Фон Хельрунг недоверчиво взглянул на моего наставника. Быть может, ему подумалось, что он и вполовину не так хорошо знает Пеллинора Уортропа, как полагал.
– Мы только что обнаружили нашего дражайшего коллегу зарезанным в номере отеля, а вы испытываете желание поговорить о литературе?
Уортроп кивнул. Он или вообще не понял, что фон Хельрунг имеет в виду, или не придал этому никакого значения. Я ставил на второе.
– Это, право, очень жаль. Несмотря на все его недостатки, Торранс мне довольно-таки нравился. Если бы я вынужден был делать выбор, я бы тоже выбрал его, потому не вините себя, мейстер Абрам. Если вам нужно кого-то винить – вините бутылку из-под виски на столе в гостиной. Он был пьян вдрызг, когда явились его убийцы. Другого объяснения тому, как им удалось так легко с ним справиться, просто нет, – он поглядел на меня. – Есть только три истинные причины смерти, Уилл Генри. Первая – несчастные случаи: недуги, голод, войны или вроде того, что случилось с твоими родителями. Вторая – старость. А третья – мы сами: медленные самоубийства. Покажи мне того, кто не в силах управлять своими желаниями, и я покажу тебе живущего под смертным приговором.
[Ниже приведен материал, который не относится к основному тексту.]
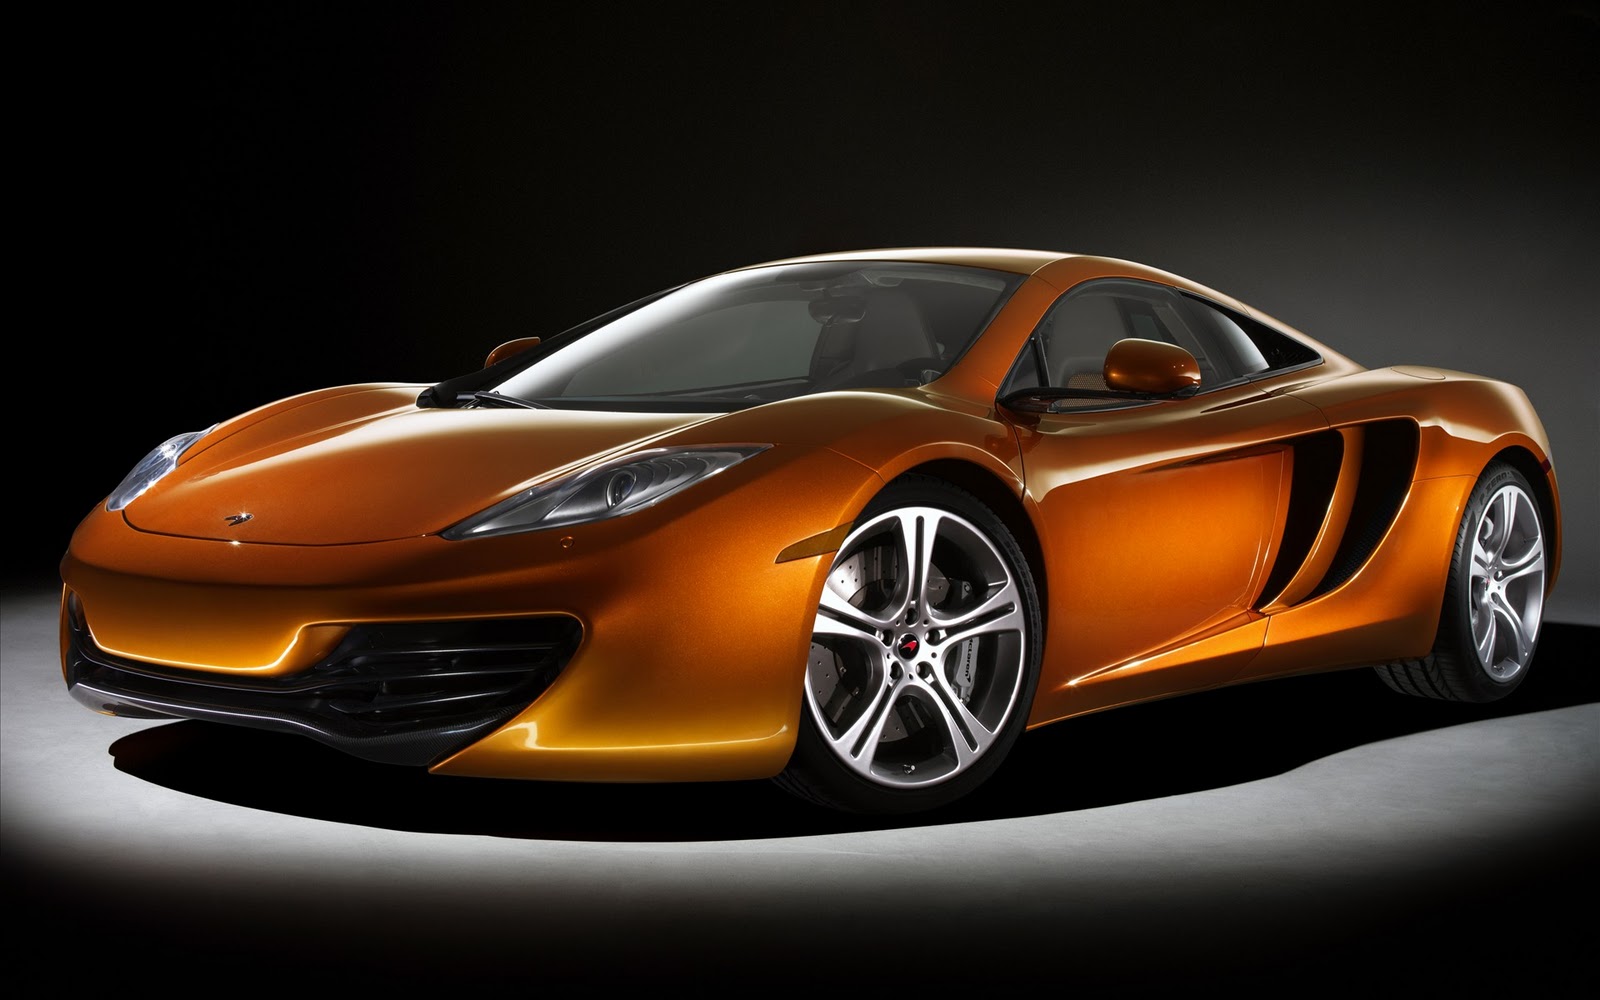 Cool cars wallpapers 2011 Cool Car Wallpapers

Фон Хельрунг яростно затряс головой.
– Но это вас нужно винить, Пеллинор – не за Торранса, упокой бог его душу, а за Конан Дойля. Если он погибнет из-за того, чему сегодня стал свидетелем, это будет плата за вашу импульсивность. Зачем вы позвали его в наш номер? На вокзале он уже собирался нас покинуть, а вы…
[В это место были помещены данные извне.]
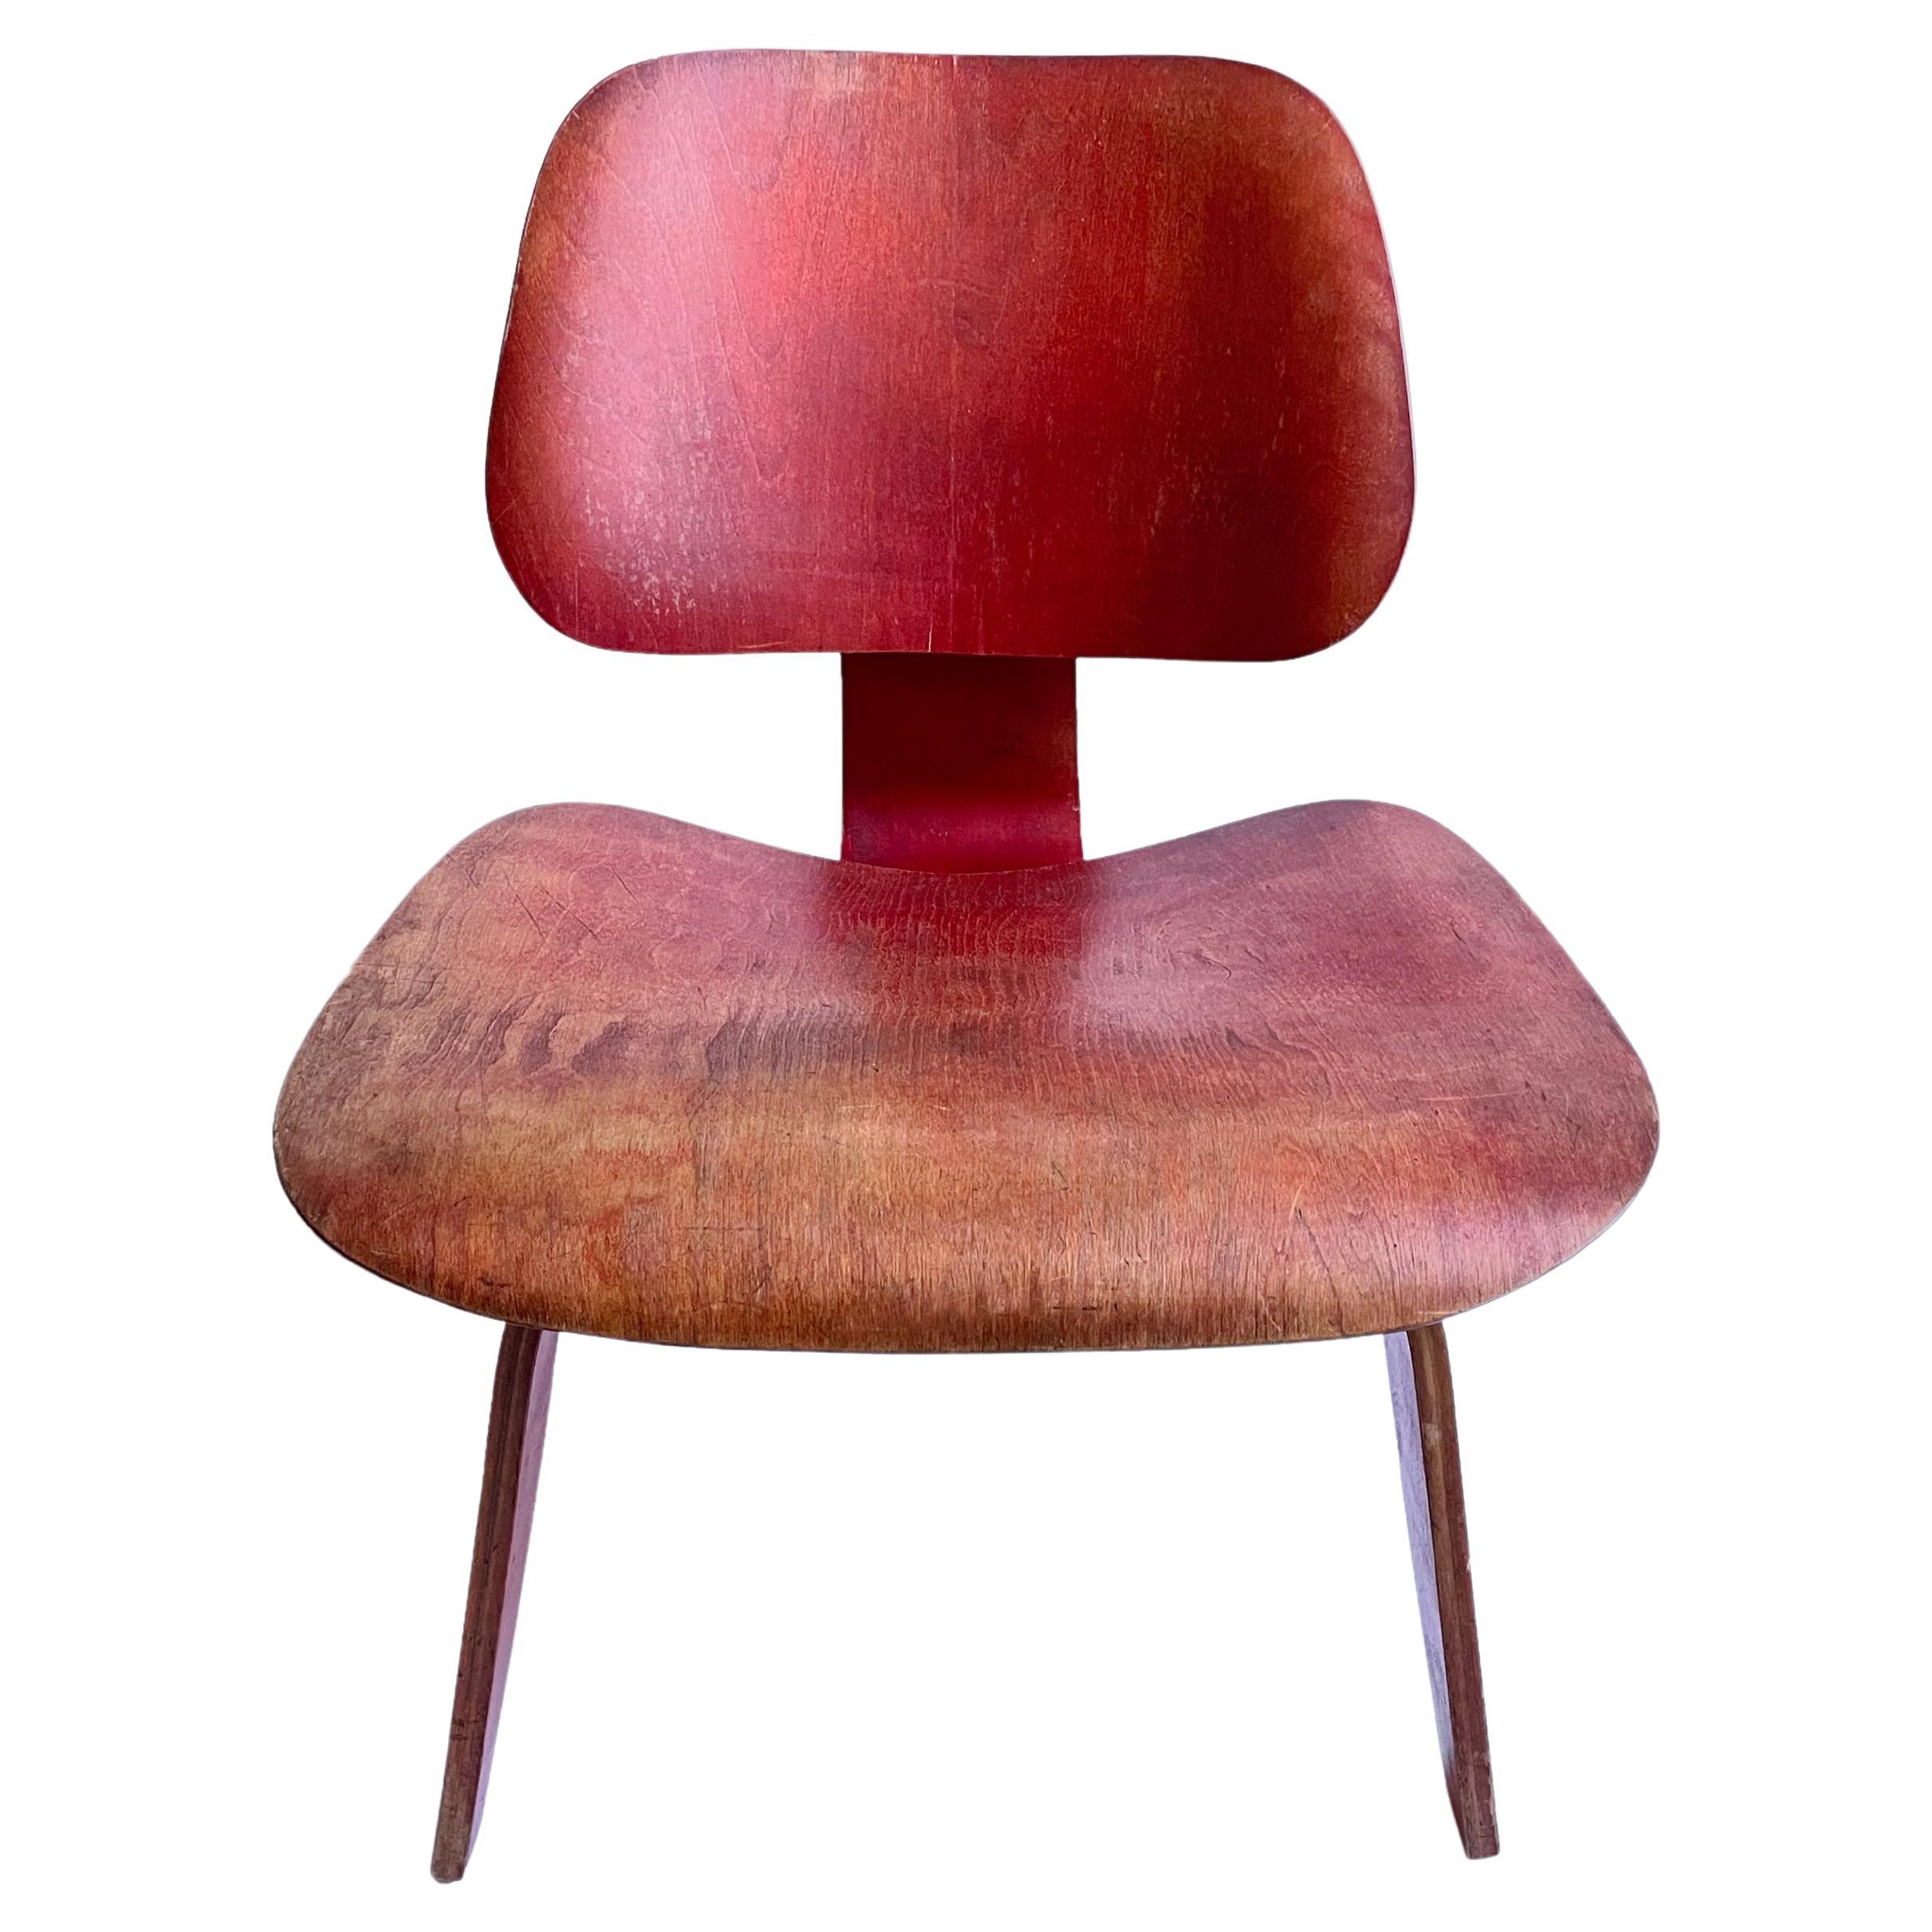 Herman Miller Eames LCW Roter Anilinfarbstoff im Angebot

– Да, собирался, – огрызнулся Уортроп. – И не исключено, что я спас ему жизнь – может быть, на время, но я хотя бы выиграл ему час или два в обществе Туи и его новорожденного ребенка. У вас нет ни малейшего представления о людях, которых вы видели на перроне, фон Хельрунг. Они безжалостны и убивают без сожалений и угрызений совести. Я должен был действовать быстро, и я уверен, что извлек все возможное из нашего весьма скромного положения.
– А что насчет дикого и возмутительного фарса в отеле? Какие у вас здесь оправдания? Вы знали, что это те, кого мы видели на вокзале, и тем не менее прикинулись, что вывели все это методом дедукции, вплоть до цвета волос убийцы! Зачем, Пеллинор? Шутя над Дойлем, вы шутили над мертвецами!
Лицо доктора потемнело. Он перегнулся вперед и ткнул фон Хельрунга пальцем в грудь.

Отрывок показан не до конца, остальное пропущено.